23rd Street Fire
- Date: 17 October 1966
- Time: 21:36 EST (UTC–5)
- Location: 7 East 22nd Street, New York, NY; 40°44′27″N 73°59′20″W﻿ / ﻿40.74083°N 73.98889°W;
- Cause: Unsafe storage of flammable materials
- Deaths: 12 firefighters

= 23rd Street Fire =

1966 major fire in New York City

The 23rd Street Fire was an incident that took place in the Flatiron District neighborhood of Manhattan, New York City, on October 17, 1966. A group of firefighters from the New York City Fire Department responding to a fire at 7 East 22nd Street entered a building at 6 East 23rd Street as part of an effort to fight the fire. Twelve firefighters were killed after the floor collapsed, the largest loss of life in the department's history until the collapse of the World Trade Center in the September 11 attacks of 2001.

==Incident==
A fire was reported at 9:36 p.m. at the American Art Galleries, an art dealer located in a four-story brownstone at 7 East 22nd Street (just off Broadway), transmitted as Box 598. An FDNY report after the incident showed that the dealer had stored highly flammable lacquer, paint, and finished wood frames in the basement. By the time the first firefighters arrived, the intensity of the smoke and heat made it impossible to enter through the 22nd Street side of the building.

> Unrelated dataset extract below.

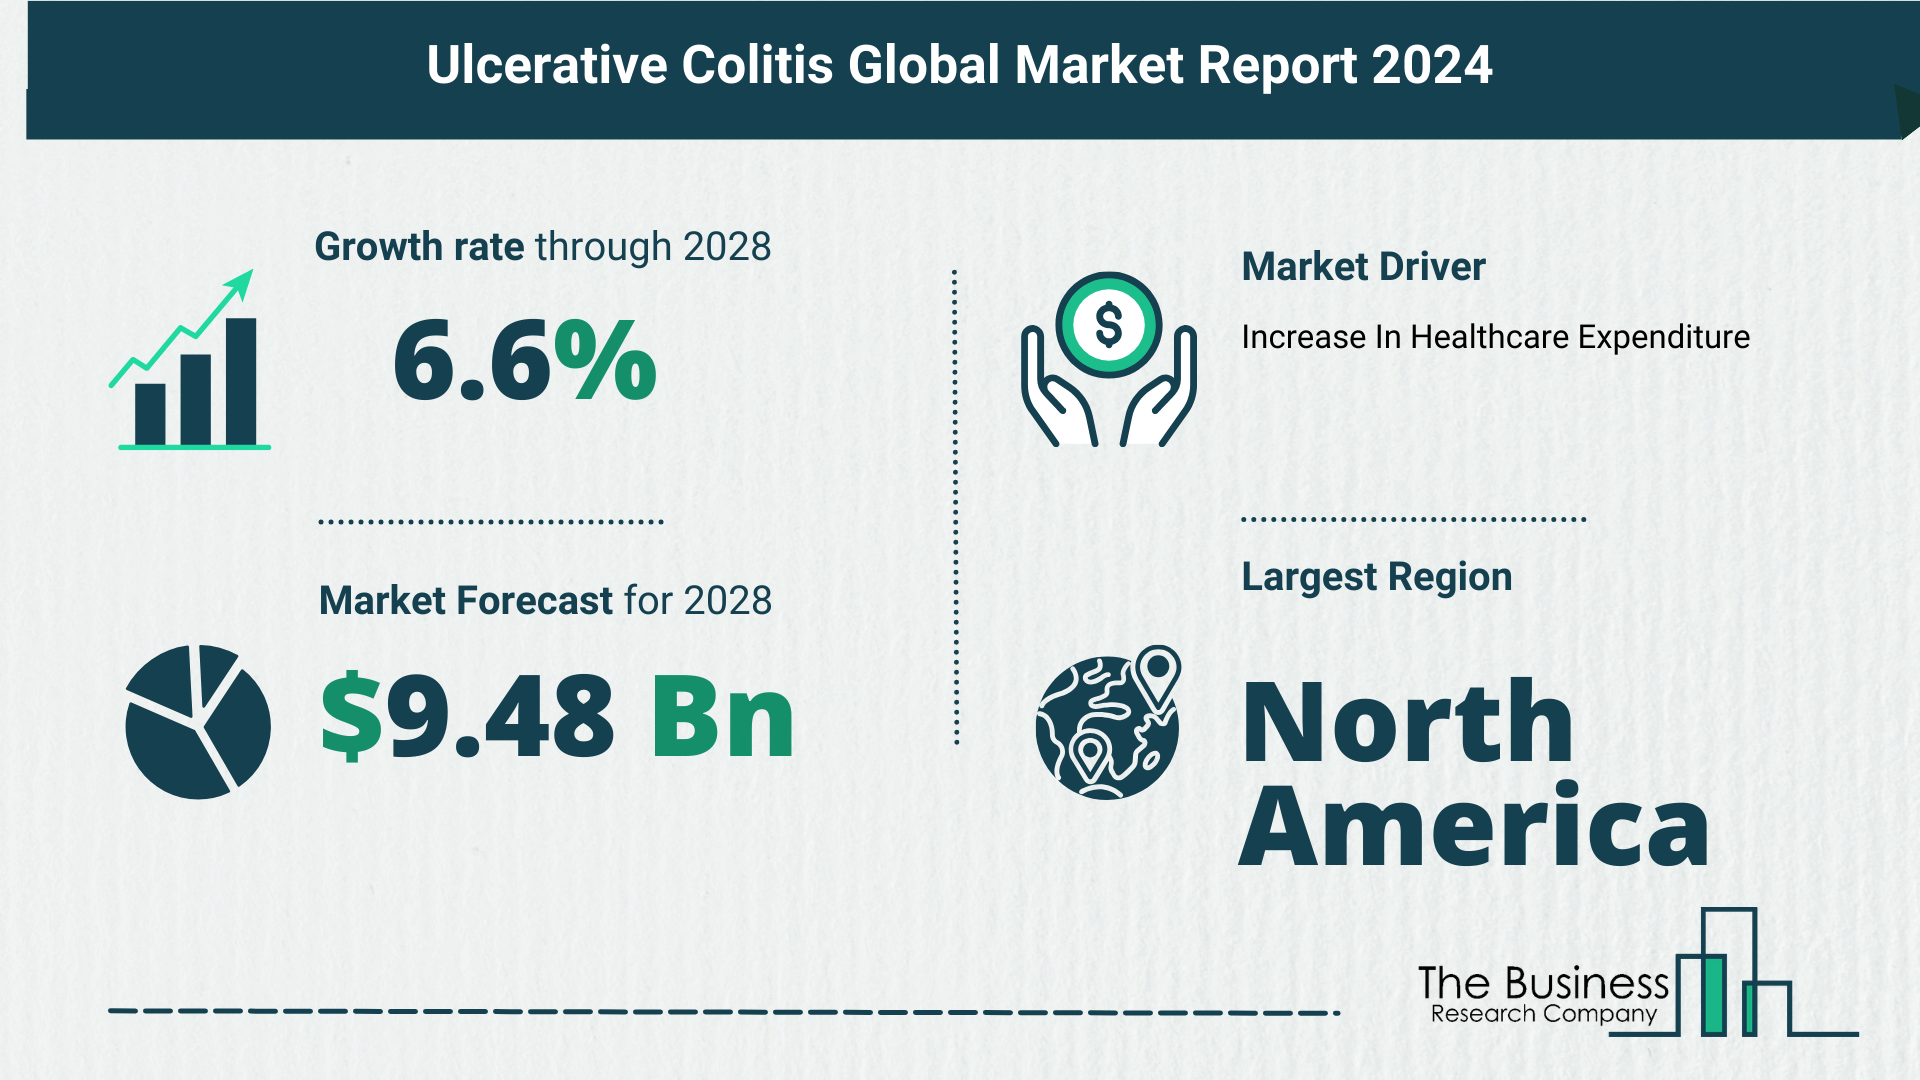 Key Takeaways From The Global Ulcerative Colitis Market Forecast 2024
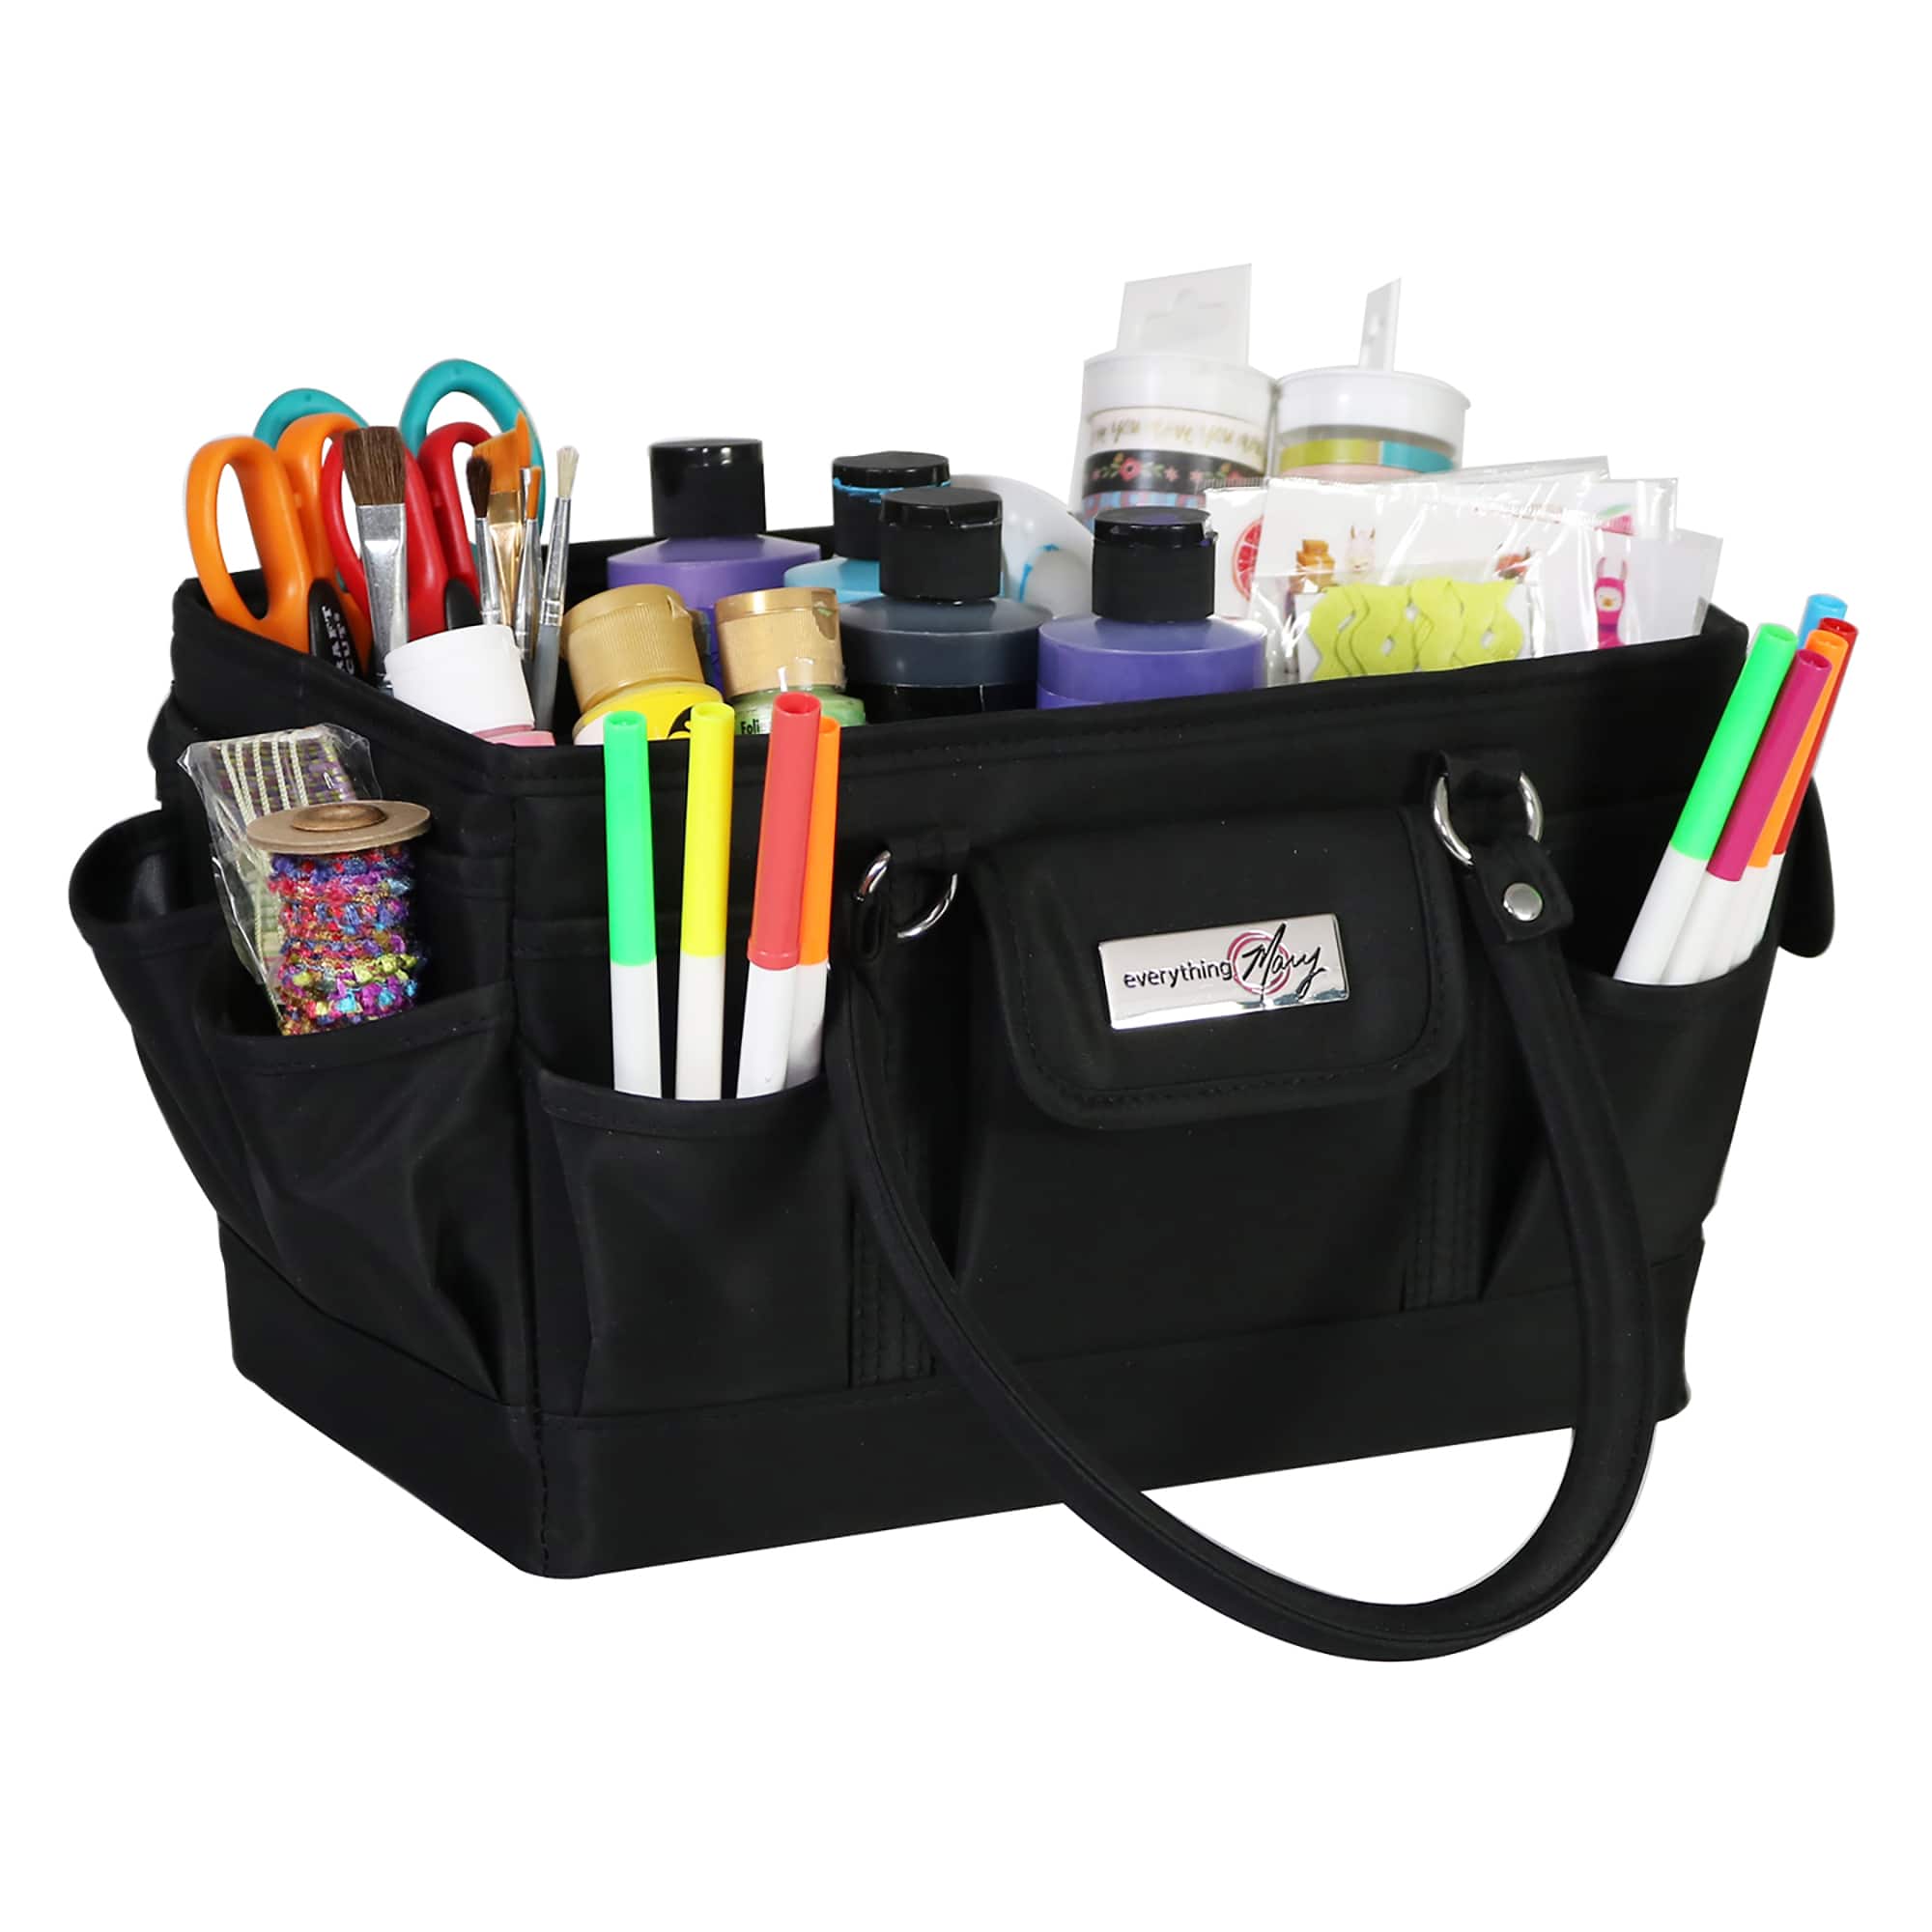 Everything Mary Black Deluxe Store &#x26; Tote Craft Organizer

Firefighters attempted to approach the burning building through Wonder Drug, a store located at 6 East 23rd Street in a five-story commercial building on a 45 × 100 ft lot that abutted the burning art dealership. As part of a construction project that had recently been completed, a common cellar under the two buildings was renovated, removing a load-bearing dividing wall that had supported the floor above. The removal of the wall allowed the art dealer to increase available storage space and move some of their supplies into a space that was now under the drugstore.

The building at 7 East 22nd Street had a two-story extension adjoining the rear of the building at 6 East 23rd Street. The cellar of the 22nd Street building extended about 35 ft under the drug store. The drugstore's floor was supported by 3 × 14 in wood beams. 3/4 in wood planking atop these beams was covered with 5 in of concrete finished with terrazzo. The fire underneath the store weakened the wooden beams, while the thickness of the floor prevented firefighters from feeling the extreme heat below.

A 15 by 35 ft section of the floor collapsed at 10:39 p.m., one hour and three minutes after the initial alarm was transmitted, causing ten firefighters to fall into the burning cellar. Two other firefighters on the first floor were killed in a flashover. In all, twelve firefighters were killed: two chiefs, two lieutenants, and eight firefighters. It took firefighters 14 hours to dig out the rubble and reach their dead comrades. The dead men left behind 12 widows and 32 children. The fire raged to a fifth alarm.

==Aftermath==
10,000 firefighters lined Fifth Avenue on October 21, 1966, as ten firetrucks carried ten coffins to separate services at St. Thomas Protestant Episcopal Church and at St. Patrick's Cathedral. Firefighters came from as far away as the U.K., Ireland, Anchorage, Los Angeles and San Francisco, the Northeast United States, and a group of 500 firefighters from Boston who had come to pay tribute.

Firefighters killed in the line of duty include:
- Deputy Chief Thomas A. Reilly, FDNY 3rd Division
- Battalion Chief Walter J. Higgins, FDNY 7th Battalion
- Lt. John J. Finley, FDNY Ladder Co. 7
- Lt. Joseph Priore, FDNY Engine Co. 18
- Firefighter John G. Berry, FDNY Ladder Co. 7
- Firefighter James V. Galanaugh, FDNY Engine Co. 18
- Firefighter Rudolph F. Kaminsky, FDNY Ladder Co. 7
- Firefighter Joseph Kelly, FDNY Engine Co. 18
- Firefighter Carl Lee, FDNY Ladder Co. 7
- Firefighter William F. McCarron, FDNY 3rd Division
- Firefighter Daniel L. Rey, FDNY Engine Co. 18
- Firefighter Bernard A. Tepper, FDNY Engine Co. 18

Today, Madison Green stands on the former site of the 23rd Street Fire.